Peru court reverses ex-president Alberto Fujimori’s pardon

Alberto Fujimori
Fujimori is admired by many in Peru for ruthlessly crushing Maoist rebels in the 1990s, ending a conflict that cost tens of thousands of lives.

A court in Peru has reversed a pardon granted to the country’s ex-president, Alberto Fujimori.

Fujimori was pardoned in December on health grounds, nine years after being found guilty of having links to a death squad and two massacres.

But a court ordered him back to jail after a victims’ group won an appeal against the decision, made by then-president, Pedro Pablo Kuczynski.

Fujimori, who led Peru in the 1990s, will fight the ruling, his lawyer said.

His daughter Keiko, who leads the main opposition Popular Force party, told reporters the decision was “inhuman” and “unjust”.

Most Peruvians had assumed Fujimori, now 80, would be in prison for the rest of his life after being sentenced to 25 years in 2009, having been convicted of ordering the killings of 25 people by a government-backed death squad during Peru’s internal conflict.

But in December 2017, he was taken from prison to a hospital in the capital, Lima, because of health concerns; he was suffering from low blood pressure and abnormal heart rhythm.

Mr Kuczynski, who resigned in March over a vote-buying scandal, gave him a pardon the same month, prompting protests in Lima – even as Fujimori’s supporters celebrated outside the city hospital where he was being treated.
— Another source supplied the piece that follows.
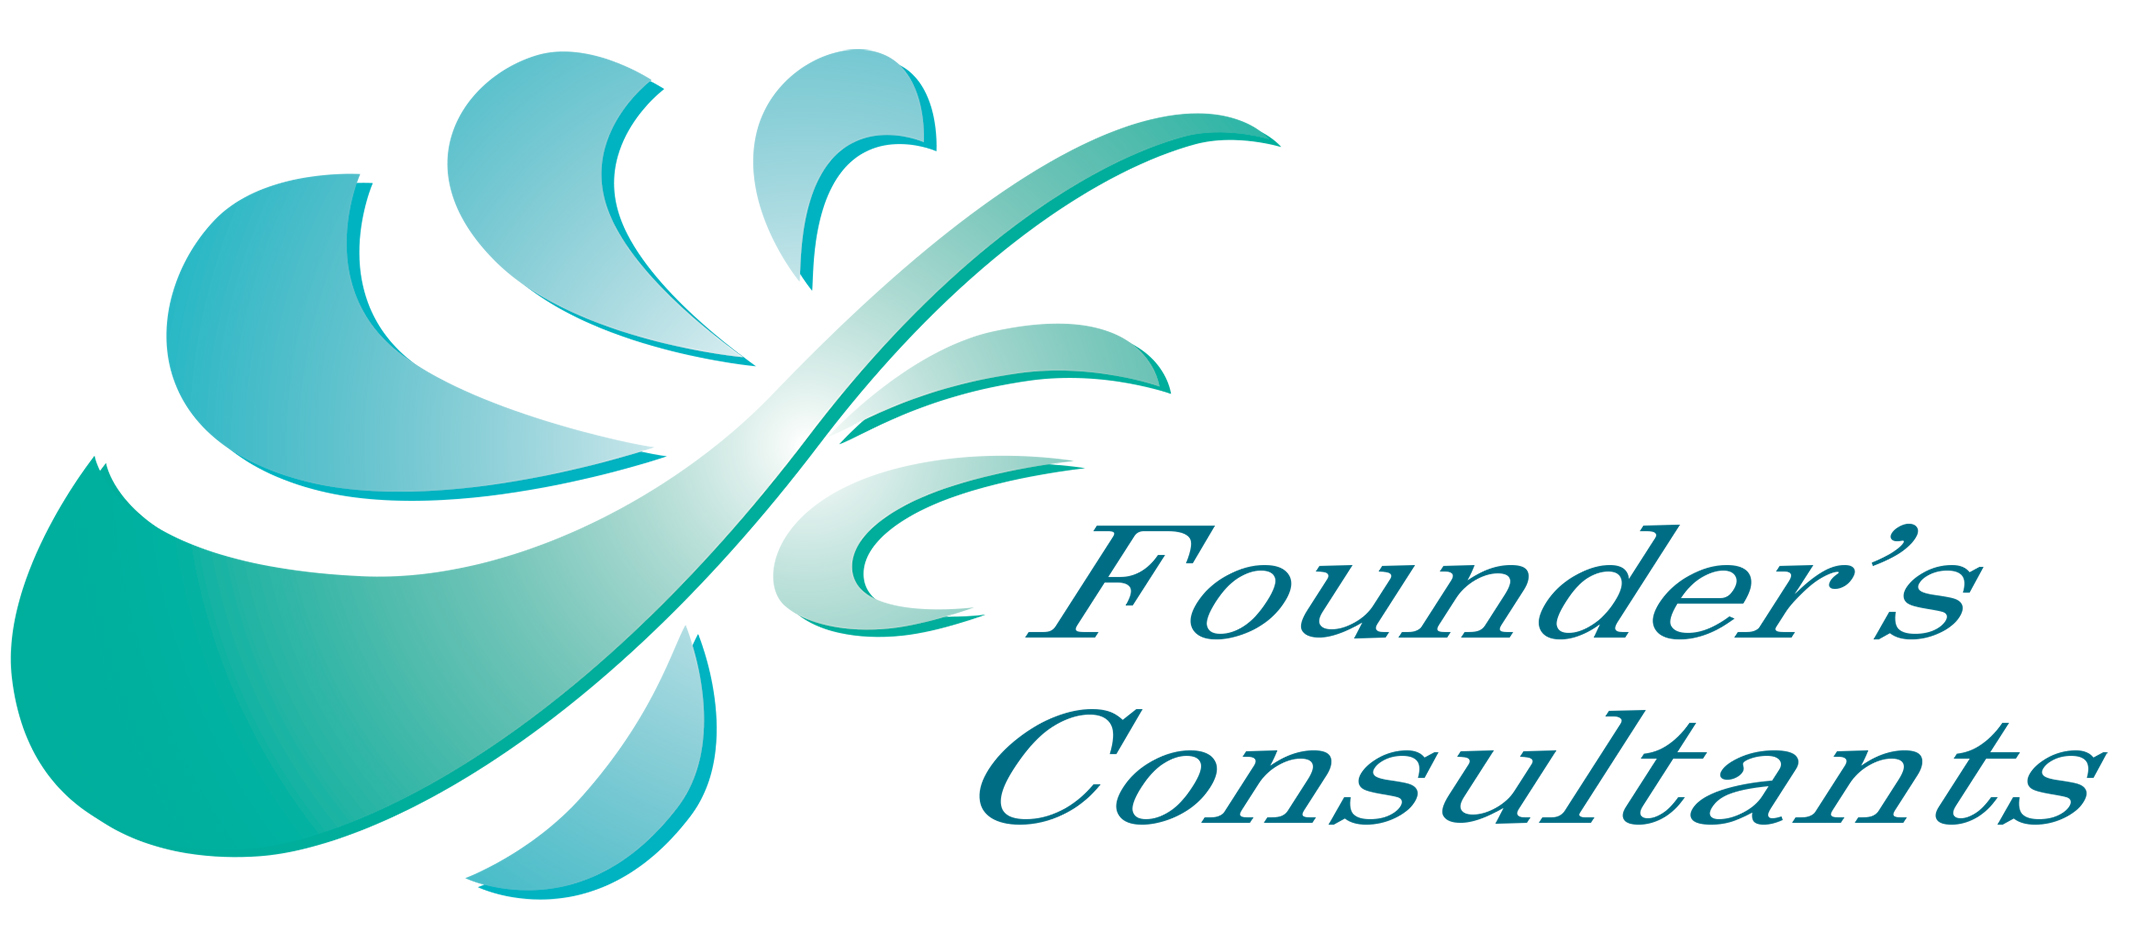 FCHD_logo

The pardon was widely seen as part of a political deal. Mr Kuczynski had narrowly avoided impeachment, with the support of Fujimori’s supporters, three days earlier.

Carlos Rivera, who is representing victims’ family members, said the decision to reverse the pardon “re-establishes the right to justice for the family members of the victims”.

Fujimori is admired by many in Peru for ruthlessly crushing Maoist rebels in the 1990s, ending a conflict that cost tens of thousands of lives.

But his critics say he is a corrupt dictator who was rightfully jailed for ordering the killings of innocent peasants.